Task statement
Which lines run from the one with "Fender Custom Shop" through the end of the data? Retype them exactly, without pictures.

Supplied data
________________

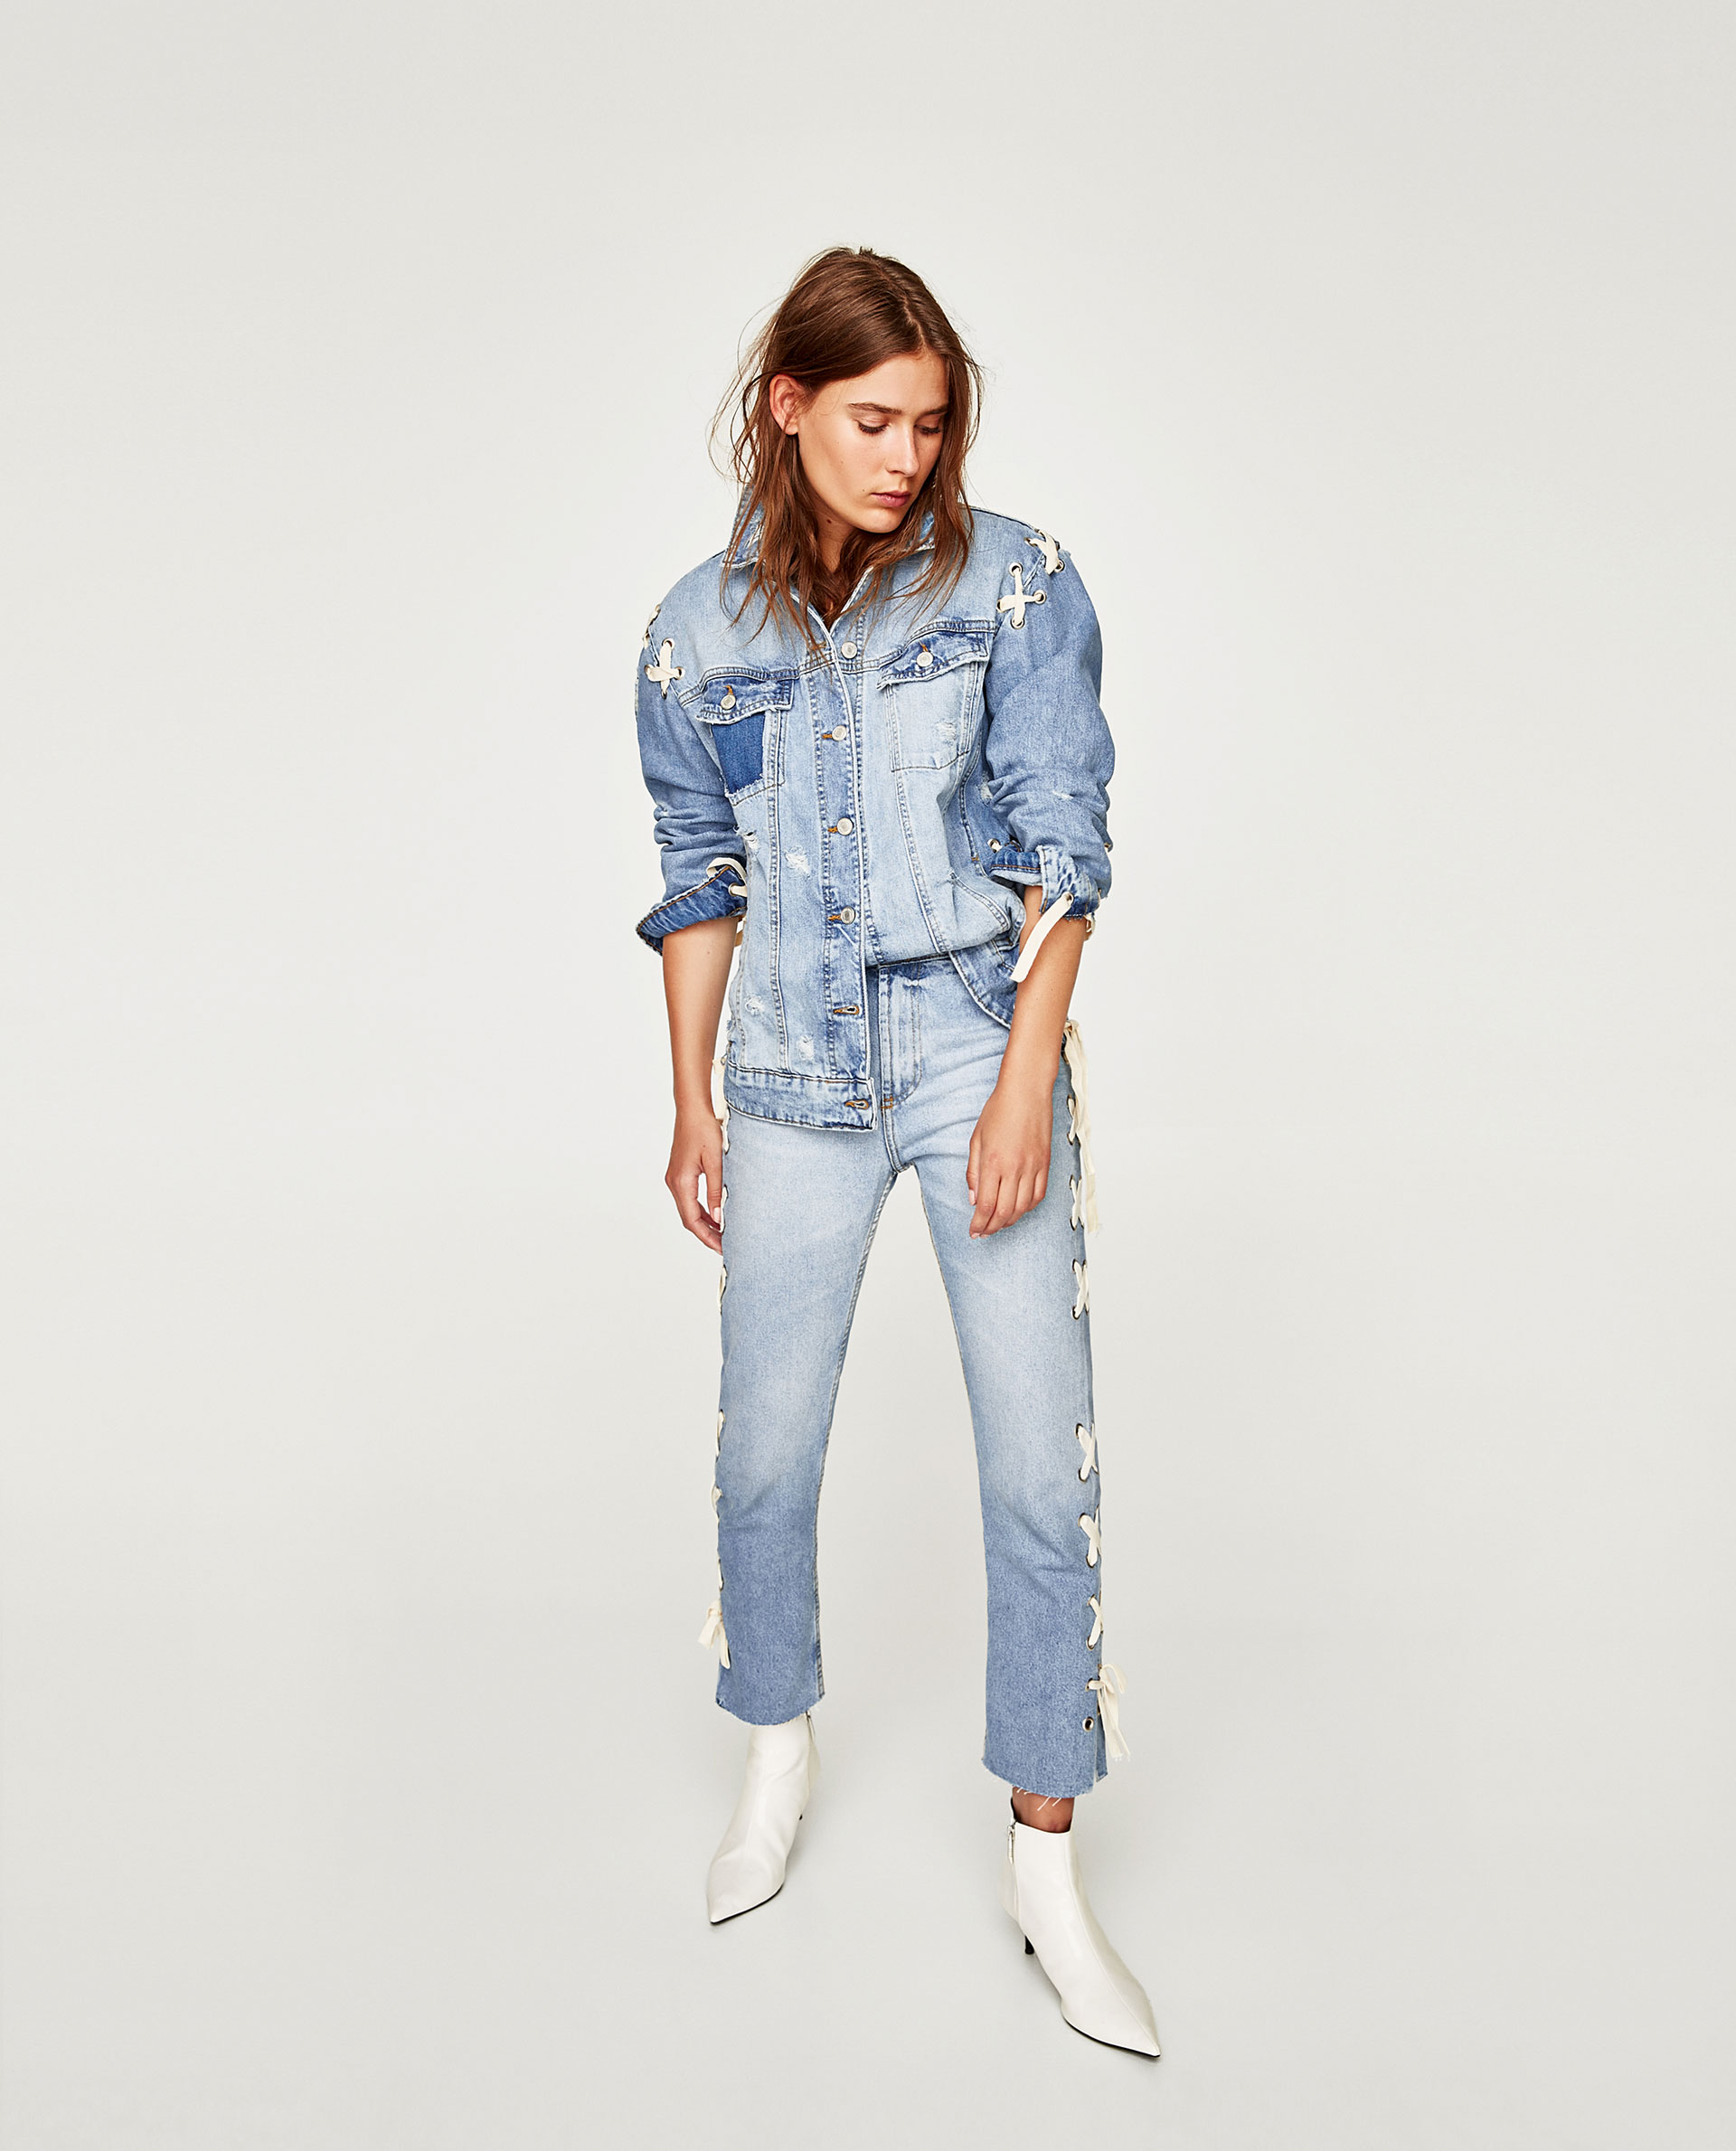 più gli Pourfemme fashion Giubbino jeans FOTO di abbinamenti w6nIEgERq
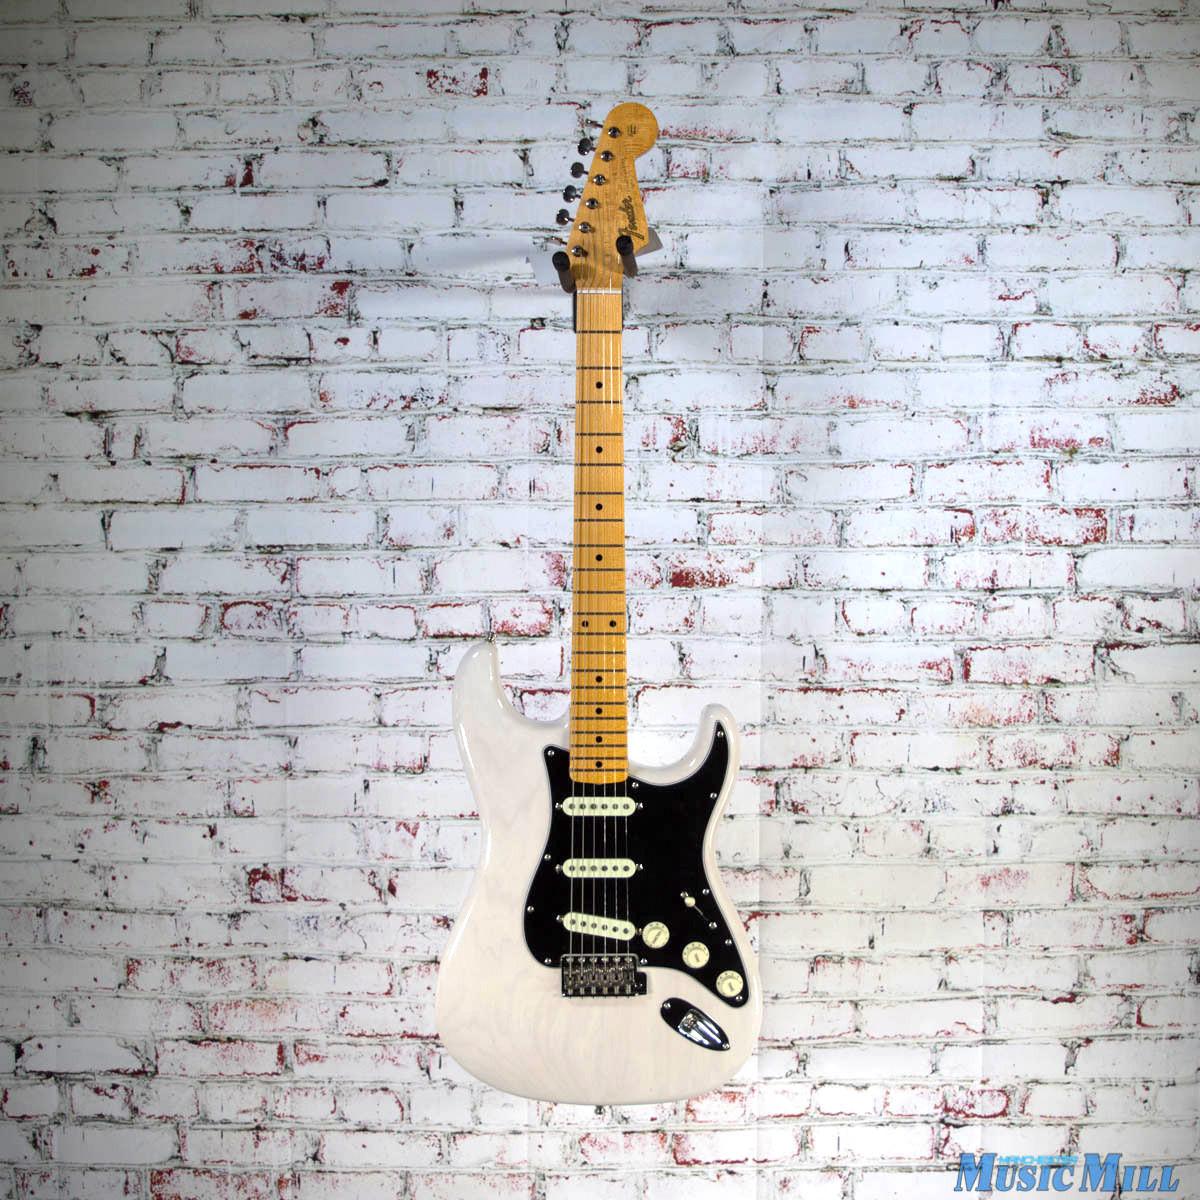 Fender Custom Shop Postmodern NOS Stratocaster White Blonde
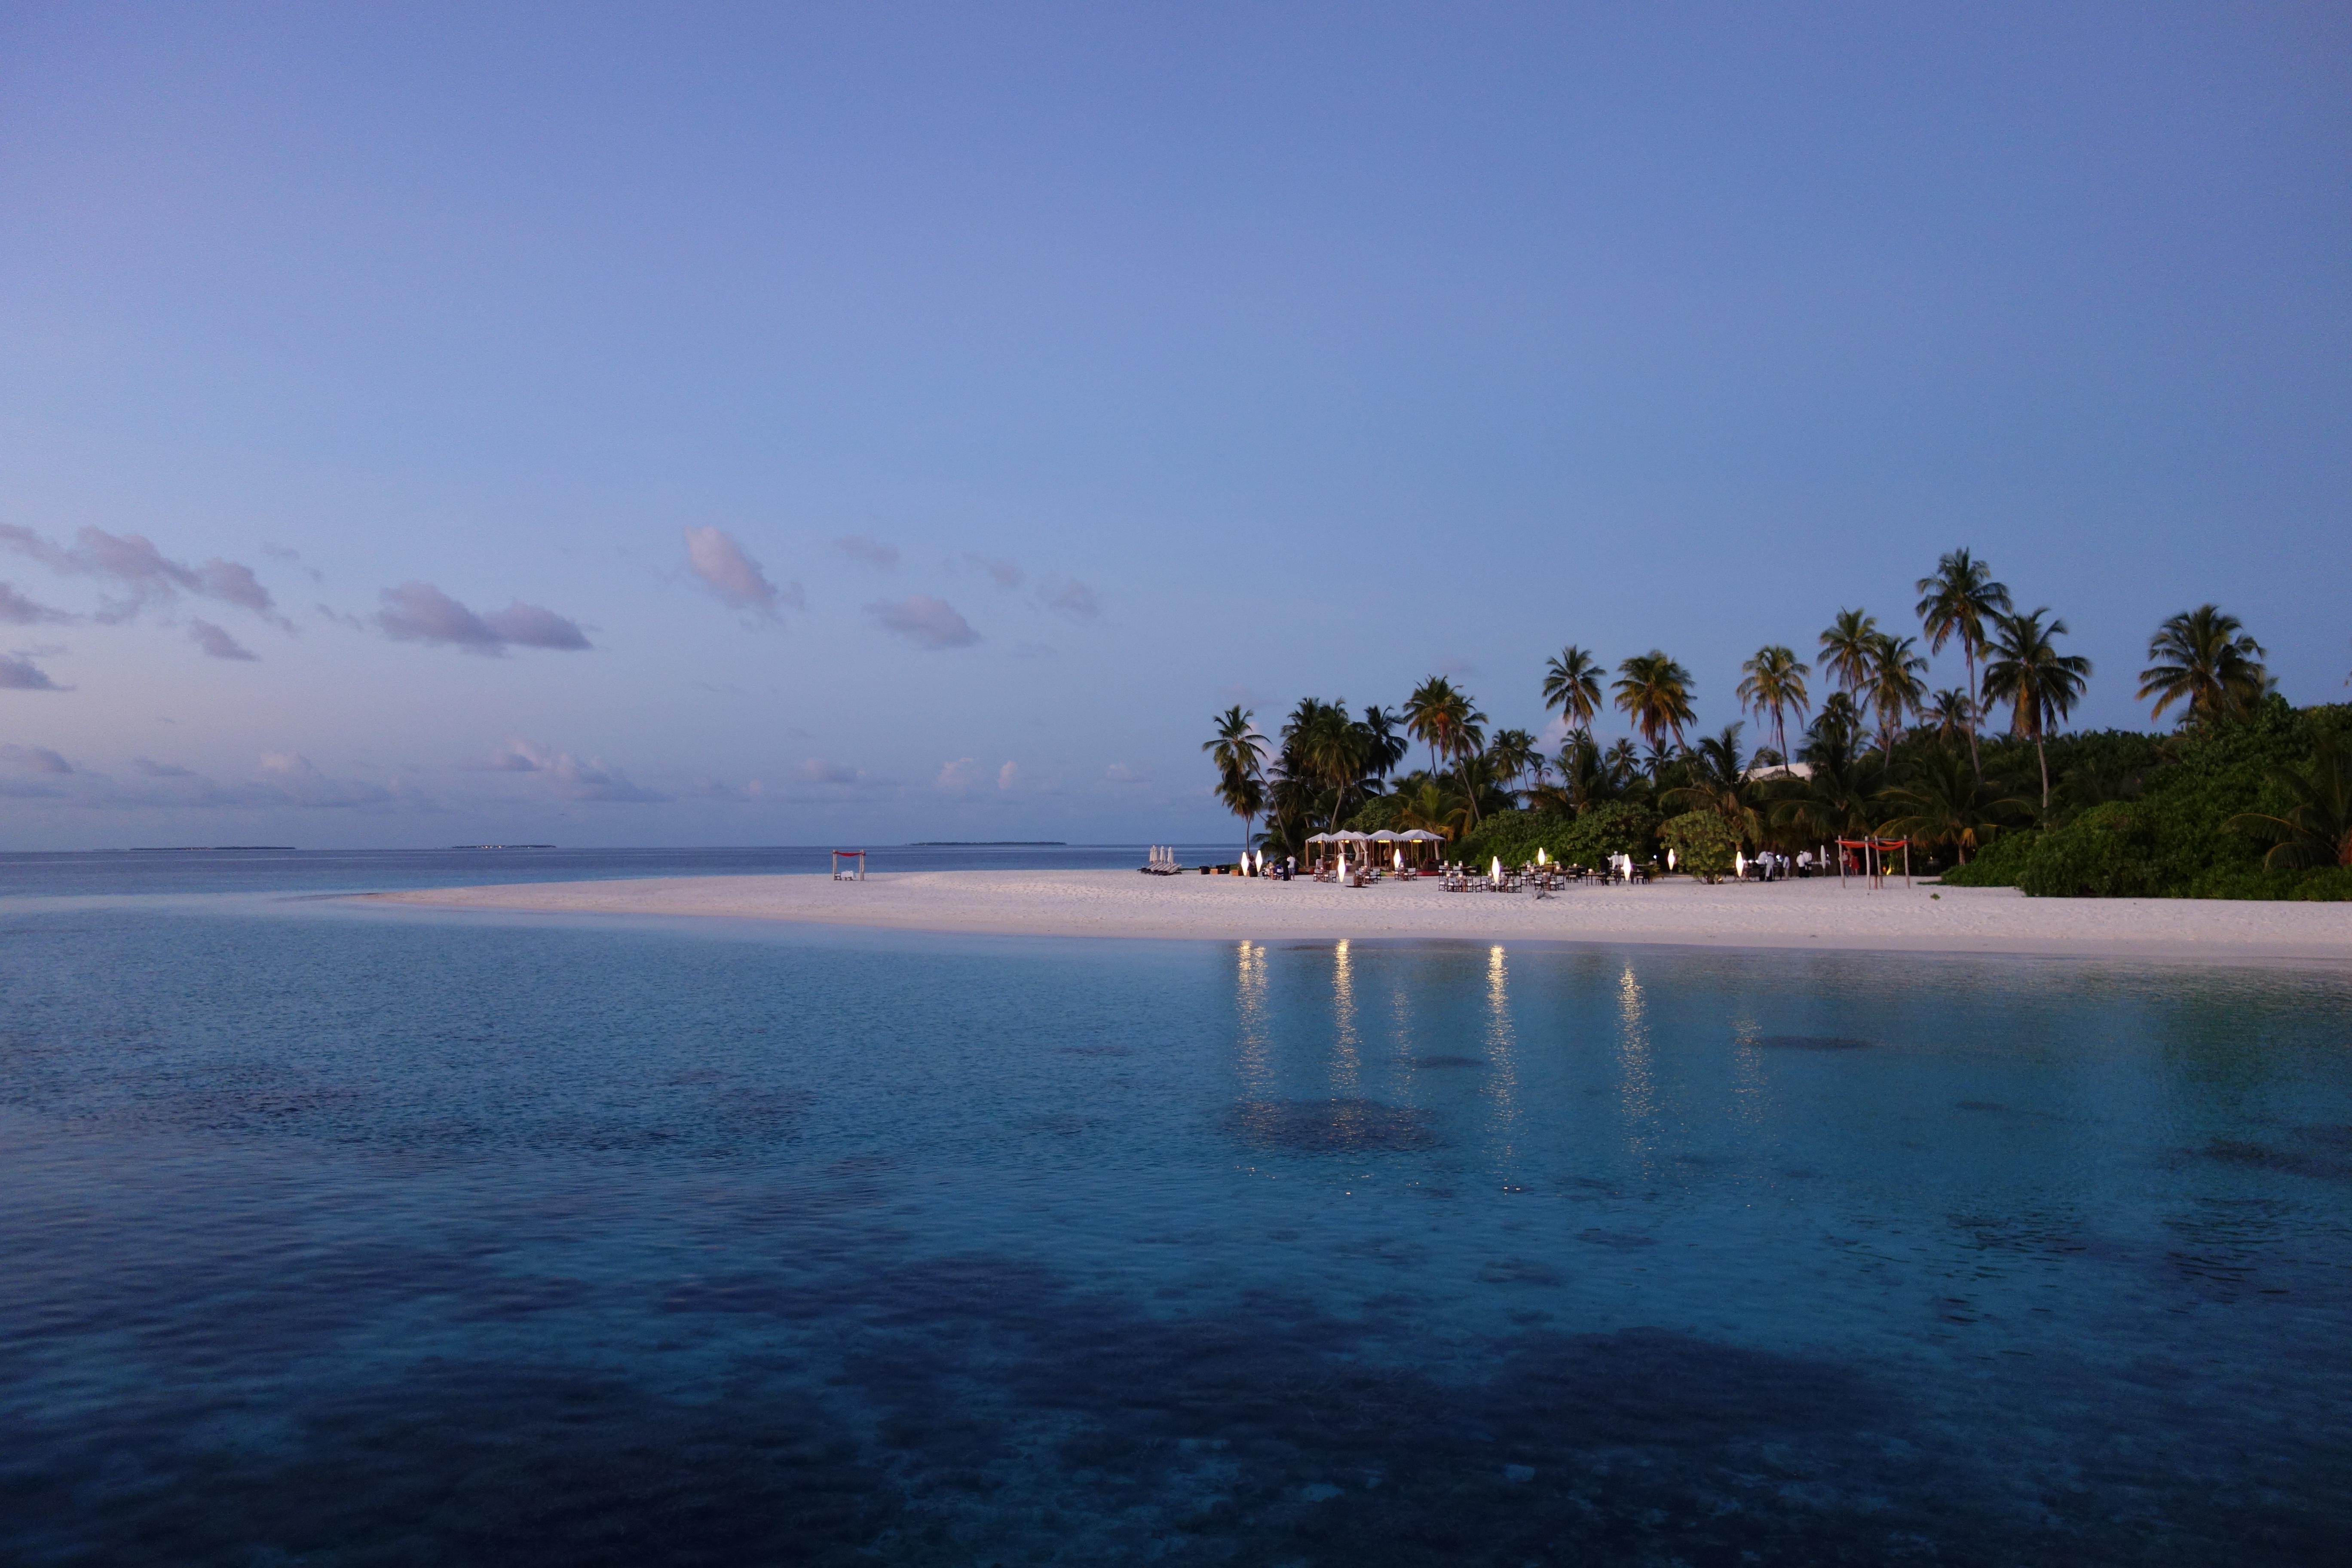 68846 免費下載壁紙 性质, 马尔代夫, 热带, 热带地区, 海滩, 晚上, 棕榈 屏保和圖片

________________

Answer below
 Fender Custom Shop Postmodern NOS Stratocaster White Blonde
 68846 免費下載壁紙 性质, 马尔代夫, 热带, 热带地区, 海滩, 晚上, 棕榈 屏保和圖片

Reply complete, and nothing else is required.